Can Fungi Clean Up a Superfund Site?
NEW YORK – Between the New York City boroughs of Brooklyn and Queens is a broad creek tainted by 150 years of pollution. It has received toxins from the petrochemical plants, fertilizer factories and other industries that once flourished along its banks. Oil seeps into it from a 50-acre underground spill nearby. And when heavy rains flood the city's sewer system, raw sewage pours into the water.
The Environmental Protection Agency designated the creek a Superfund site in 2010, triggering a lengthy evaluation and cleanup process.
In the meantime, however, a local group has begun experimenting with an innovative technique to break down contaminants in the water. The key: a fungus more widely known to taste good in stir fry.
On a Sunday afternoon in early May, Jan Mun, the artist in residence with the Newtown Creek Alliance, presented to community members a circular floating platform of straw-filled burlap intended to house the fine, interwoven filaments of oyster mushroom fungi. [Gallery: Floating Fungus Enters Polluted Creek]
"We are still at the testing stage, but the idea is that if we can keep them [fungal filaments] alive, they can actually clean the water at the molecular level," Mun said as the concentric rings of soggy burlap, designed to echo the "fairy ring" patterns some fungi create in the ground, floated behind her in the creek.

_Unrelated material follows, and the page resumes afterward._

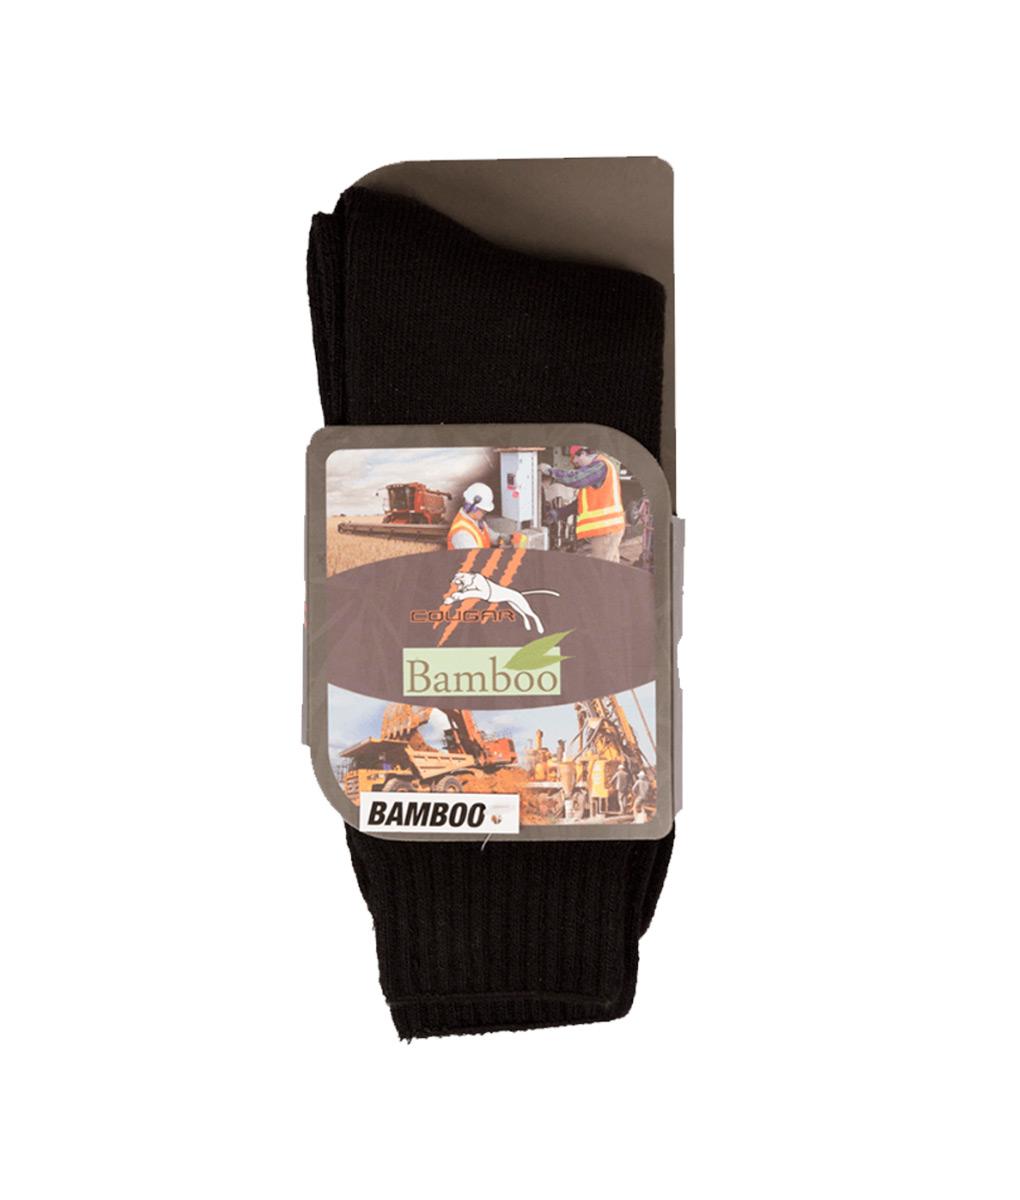 Bamboo Socks – Mens by Cougar Chef Uniforms

Mun intended her design to evoke the fantasy spaces associated with fairy rings in folklore, and so incite people to reimagine the creek. But the fairy-ring design drew some critics who said a simpler configuration would better enable fungi to do their work. Even so, this effort reflects the growing interest in trying to employ fungi, members of nature's own cleanup crew, to get rid of pollution.
How nature can clean up after us
Filter feeders like oysters can remove contaminants from water; plants like poplar trees can sequester them in their tissues. Microbes can neutralize harmful molecules by breaking them into pieces, a process the EPA calls bioremediation.
Some fungi, including the oyster mushroom fungus, have been shown to do something similar, attacking contaminants with the same chemical equipment they use to decompose organic matter.
Fungi have a wide repertoire of enzymes that can be effective against contaminants, and they are particularly good at attacking large molecules, said Matthew Grossman, president of BioSage, an environmental and biotechnology consulting company that does remediation with bacteria and fungi.
But the industry favors bacteria, which can be easier to grow and to work with, Grossman said.
Successfully applying fungal remediation can be tricky, because a project's design must ensure the fungi can do their work, a condition that is often not met, said Eugene Bernat, vice president and owner of Fisherville Redevelopment Corporation, which is begining a cleanup using fungi among other organisms at a Massachusetts Superfund site.
"This is an emerging science that was invented millions of years ago," Bernaut said.
The secret of mycoremediation
A number of fungi, including the oyster mushroom, produce enzymes capable of breaking down the tough fiber in wood. Because petroleum products such as oil and diesel contain hydrogen-carbon bonds similar to those found in wood, they, too, are vulnerable to enzymes produced by the fungi's thin filaments, called mycelium, mycologist Paul Stamets writes in his book "Mycelium Running: How Mushrooms Can Help Save the World" (Ten Speed Press, 2005). Stamets was not involved with the Newtown Creek project, but his work on mycoremediation, using fungi to clean up contaminants, inspired it.
Fungi offer other cleaning services, too. The fruiting bodies of fungi, the mushrooms, can absorb metals — oyster mushrooms can take up mercury and cadmium, he writes. Stamets also has used the mycelium networks to filter harmful microbes out of water. [6 (Or So) Reasons Fungi Can Help Humanity]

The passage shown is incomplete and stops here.